Trauma fucks with your memory and your perception of how the world works. That is a humbling recognition on my part, to realize that sometimes I just don’t see things well.

It has helped make me a sustainable journalist. I don’t control what I am experiencing. If we are not doing the work to understand what is happening at a neurological level , we are just not going to survive. Or we are going to do something that is not in the interest of ourselves or the people we care about.

I am an empathic person. It is hard for me when people are hurting. I want to challenge that. I have had a very windy path, becoming an adult. I realized that accountability is central to what I do. I get excited when people interact with my writing, and it inspires them to think about their own complex lives.

 

Body/Mind Connection 

I’ve been doing crossfit for about ten years now, as an exercise modality, mixing weightlifting with high intensity movement. I go to this gym Solcana Crossfit, that is orientated toward being accessible to queer and trans-gendered folks, which makes it unique. It has been a space for me to explore how I identify with trans folks. It has led me to understand that we share early childhood harm. There is a strong identification there.

I need the physical release in order to keep my head straight, and to deal with sitting on my ass writing. I need to keep my body in tune and comfortable in order to do my best writing. That isn’t always easy. It takes work to get to the emotional place where you can string a lot of words together. I always respect that.

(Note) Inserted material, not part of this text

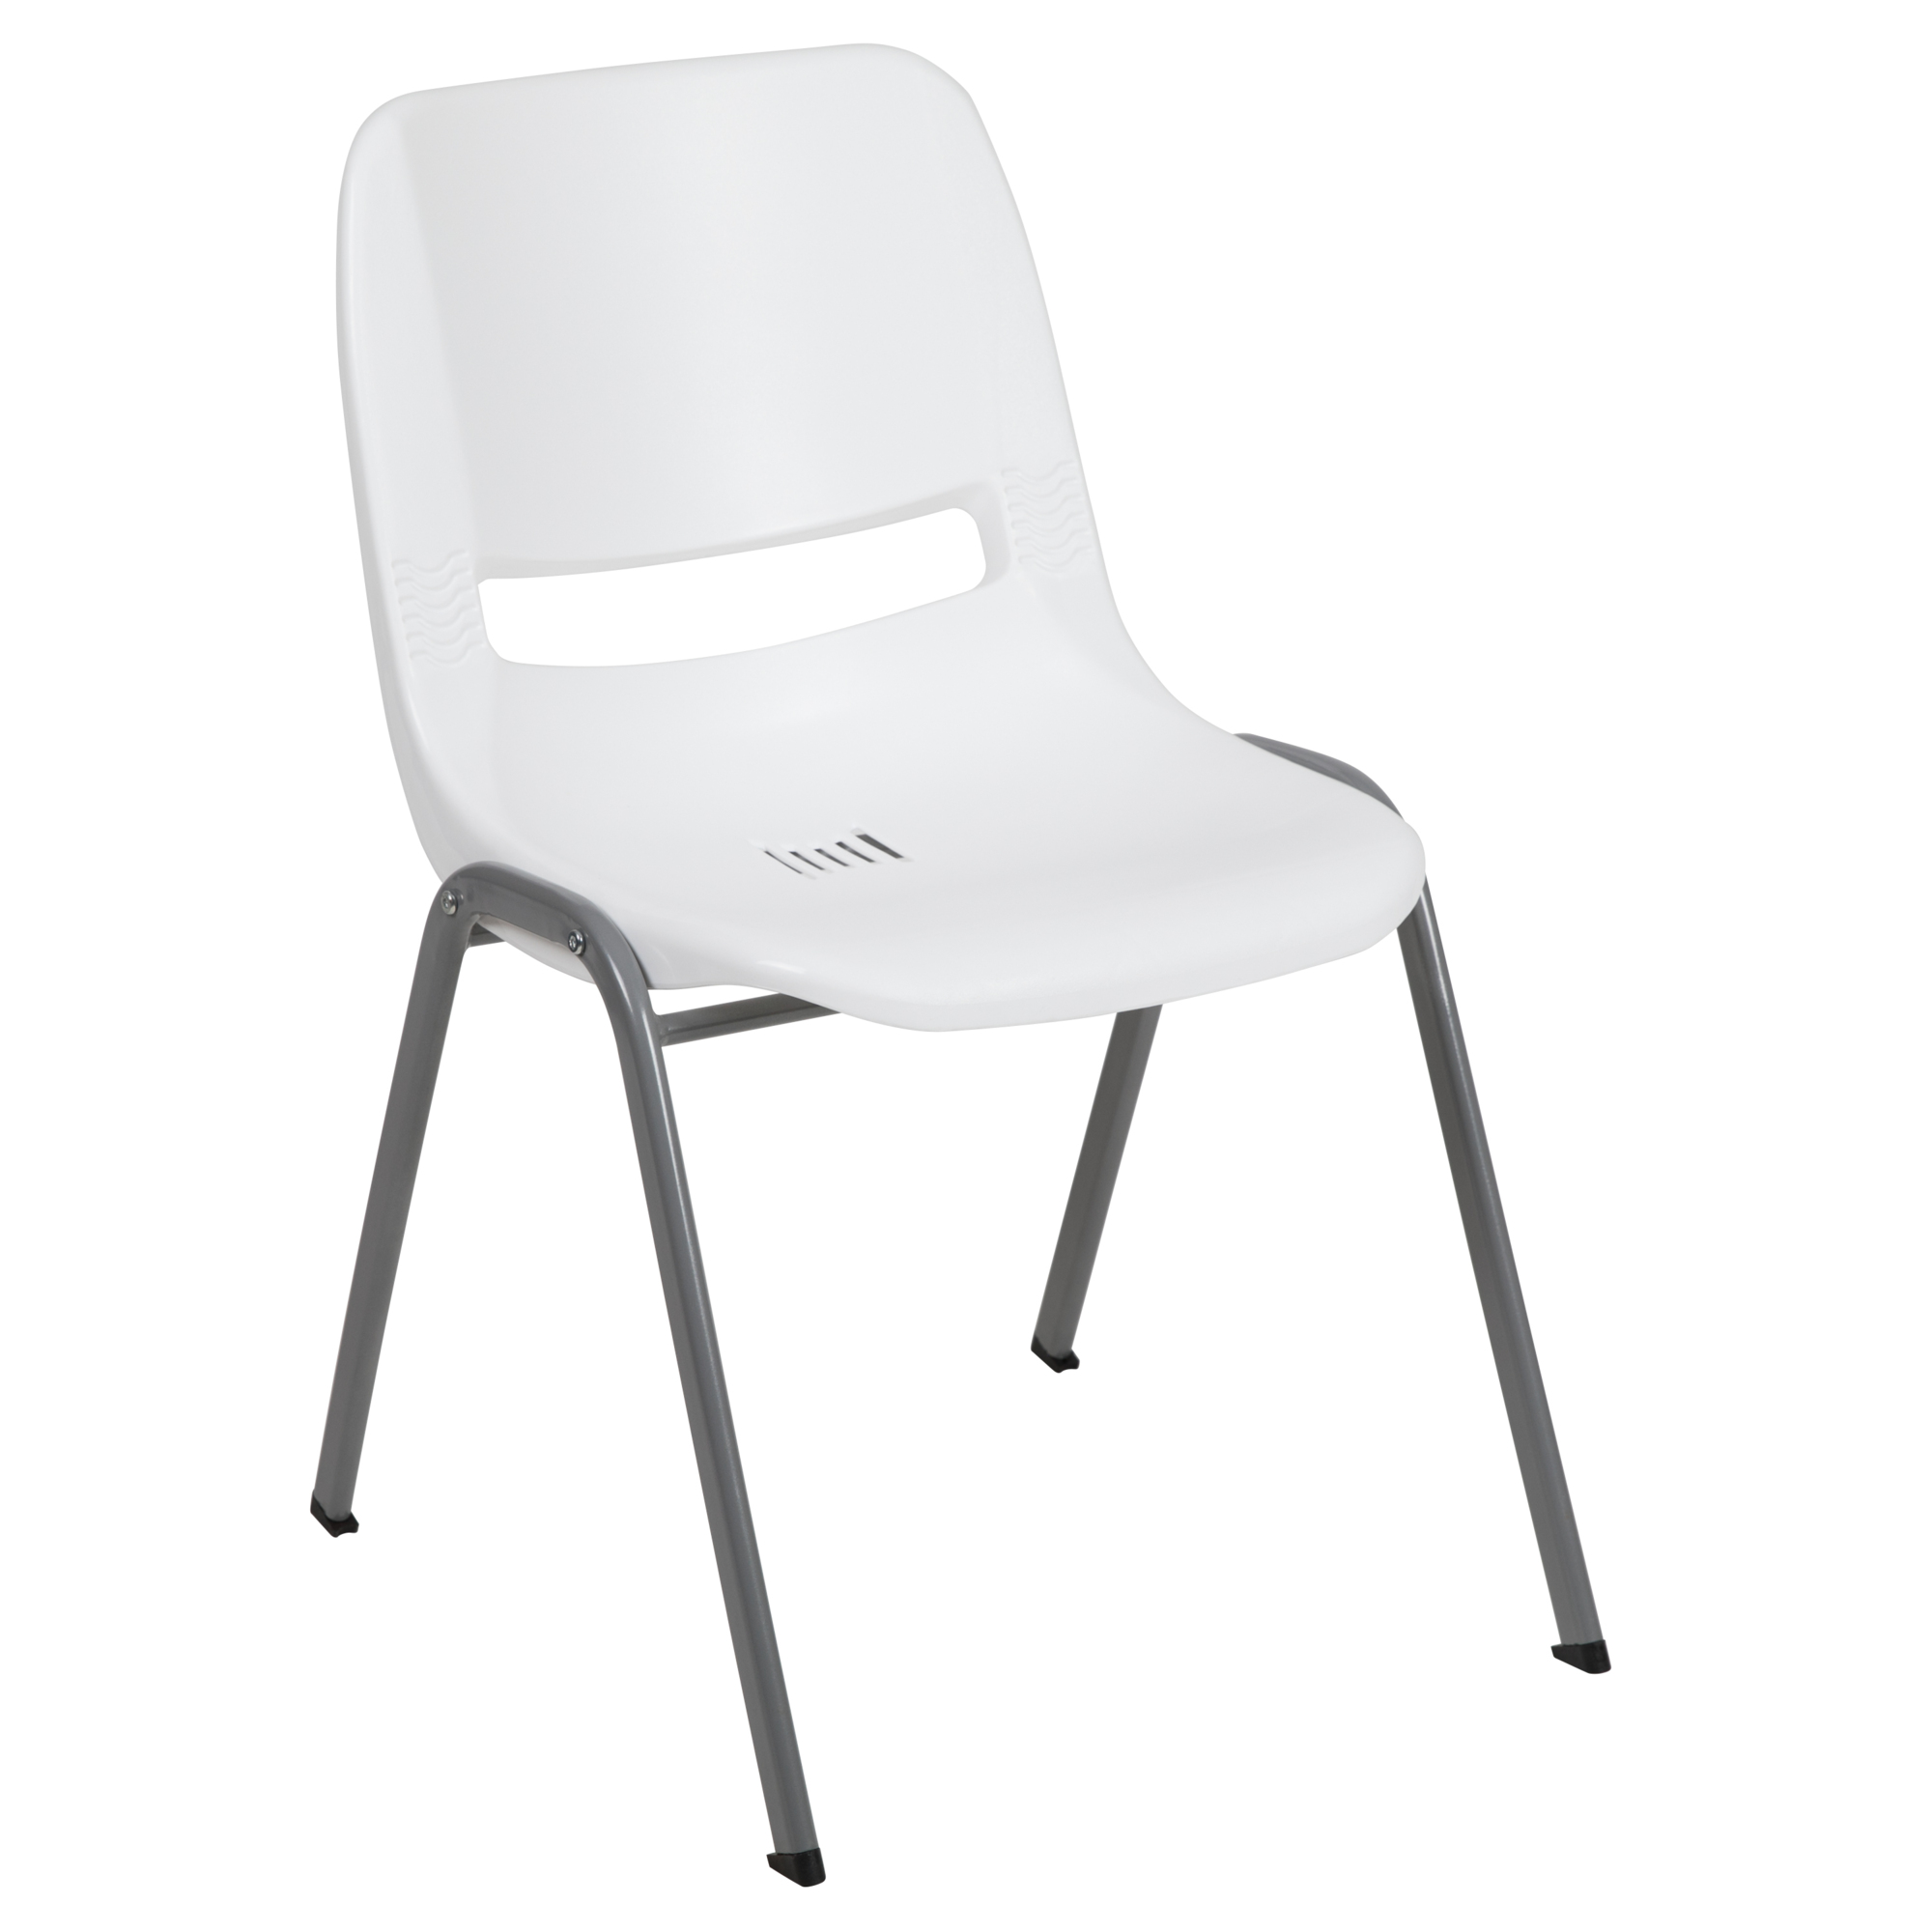 Flash Furniture, White Ergonomic Shell Student Stack Chair, Primary Color White, Included (qty.) 1, Model RUTEO1WH

People ask about writing process. I think– shit– do I have one? I don’t think about it until someone asks me. But maybe this is it. I know I need the physical release even more than the writing release.

 

Next Steps: Journalism and Podcast Mentoring 

My Dad came to Montebello from Mexico when he was in his early 20s, thinking he would spend a year there and go back. He ended up staying for 50 years, dying in California. Am I doing the same thing? I came to Minnesota with no intention to stay, but here I am, eight years later. I’ve bought a home.  There are plenty of us LA diaspora folks in Minneapolis with similar stories.

It is exciting to be a journalist at a time when people’s sense of democracy is being undermined. It’s dark and morose, but on the other side, something really important is happening. If people want to investigate and write I am looking for them.

I am currently the primary writer at Workday Minnesota. Ideally I would like to see working people exploring and gathering knowledge, putting ideas together and seeing patterns. I love nurturing and supporting that curiosity, seeing what comes out of it. I am still an organizer. I want to organize people to see truth and knowledge. We need more stories about us.

In order to be attentive to the story, you have to be aware of the best platform to use to make it accessible to the people you want to reach. Is it a video? A podcast series? A six-month investigative project? What is the best way to share the experience? For many people, it is a traumatic experience that needs to get out, but they are not used to writing. Maybe producing an audio podcast is best for them. We want to elevate those who don’t end up being the celebrity organizers.

That is why I am launching this project, with a friend, to help people produce podcasts. I miss doing my own, but I don’t have time for it. I train people how to use the equipment. It’s fun.

It’s folks on the ground, doing all the work, learning all the lessons, that people should hear from. I spent many years feeling like I was failing. I now have a strong voice. I want to help other people who are similarly compelled, find theirs.